No, you do not need to learn C (or any other language) first.

Keep in mind that this question starts Holy Wars among devotees of various languages, and particularly among those who still see C++ with some degree of bias.

C++ is a language in its own right, and it is just as easy to learn C++ memes as it is to learn any other language’s way of doing things. While learning other languages in addition to C++ is an excellent expenditure of your time, C++ isn’t so difficult that you need to be educated with someone else’s idea of what you ought to know first.

That is, if you want to learn C++, don’t waste your time with anything else; just learn C++.

As for C in particular, there is good reason not to learn it first, particularly if you are a beginner. C++ has been called ‘a better C,’ but it really is a different language. The way you think about and do things is different in C++ than C. Moreover, many ways of doing things in C are the wrong way in C++.

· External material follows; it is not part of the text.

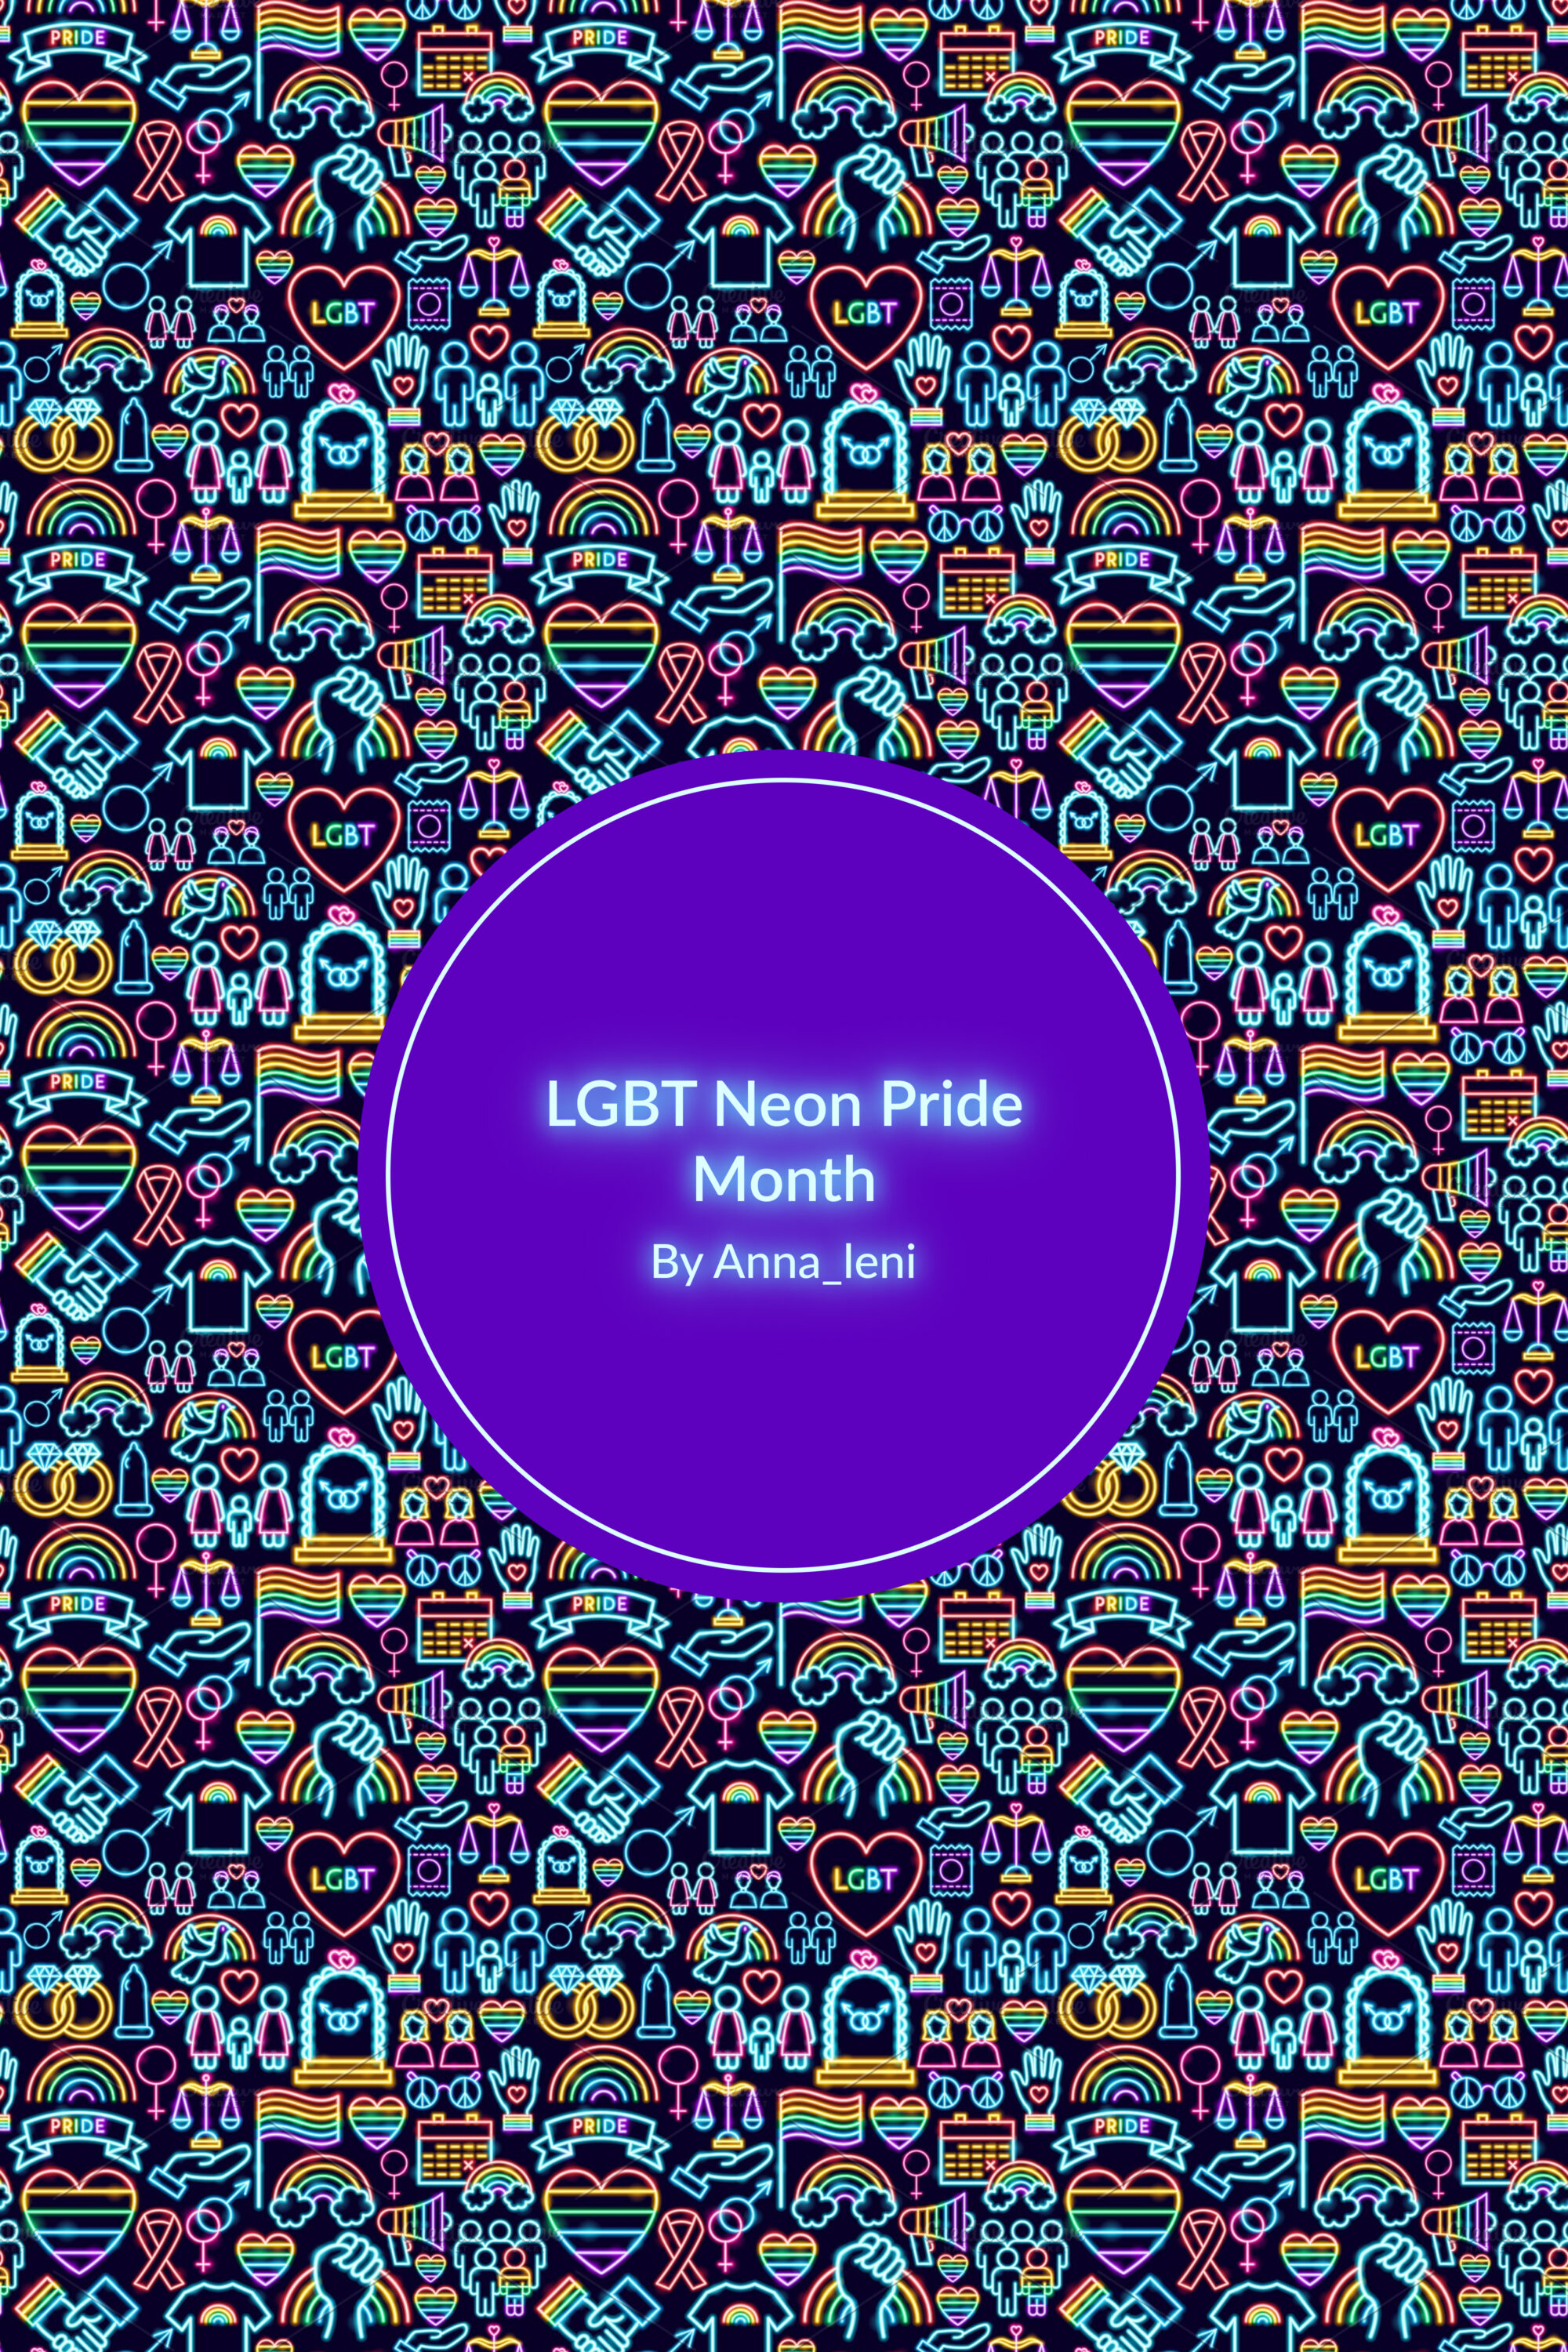 LGBT neon pride month of pinterest.

For this reason, many people will respond along the lines that you will have to ‘unlearn’ C to learn C++, meaning that there is no point in cluttering your mind with a different, conflicting methodology than the one you intend to learn.

When you arrive at the point that it actually makes a difference, you will already have learned C and other languages sufficient to understand and apply the important principles behind their designs and uses to C++.

How can I best learn C++?

There is no one true method. Your choice will depend on the time you have to invest and your preferences.

Many trade schools and universities around the world have classes in C++ and computer programming. However, many people learn it with only the help of books, tutorials, and other online resources.

Here at cplusplus.com we have a very nice Documentation section that quickly covers all the important features of C++. We also have a very nice Reference section that contains detailed information about the C++ Standard Library and its use, replete with examples. Finally, there are many Articles that illuminate various concepts to effectively using C++. You might also want to pick up some good books.

What do I need to get started?

At the very minimum, you need a text editor and a compiler. A favorite option is an Integrated Development Environment, or IDE, which combines those two and adds additional features. The advantage of an IDE is that it often facilitates creating windowed applications.

It is also recommended that you also install the Boost Libraries. Boost is where the people who develop and maintain the C++ Standard Library play around.

If you are planning to develop using a specific technology or on a specific system, it is worth installing libraries that are used on that system. For example, if you plan to write applications that use the GNOME Linux desktop environment, you will have to install GTK+. If you plan to develop KDE Linux desktop applications, you will need to install Trolltech Qt and the KDE Development Platform. If you plan to develop on Microsoft Windows, you will definitely want the Windows API, which you should be able to get with your Windows compiler.

A good place to look around for compilers and libraries is Freebyte’s Guide To... Free C++ (and C) Programming Tools.

You should also have access to a good search engine, so you can surf the web to understand the error messages you will get when compiling.

Finally, you will want to find and read as much reference material and tutorials as you can. This site maintains an excellent introductory Tutorial, and there exist many good C++ books.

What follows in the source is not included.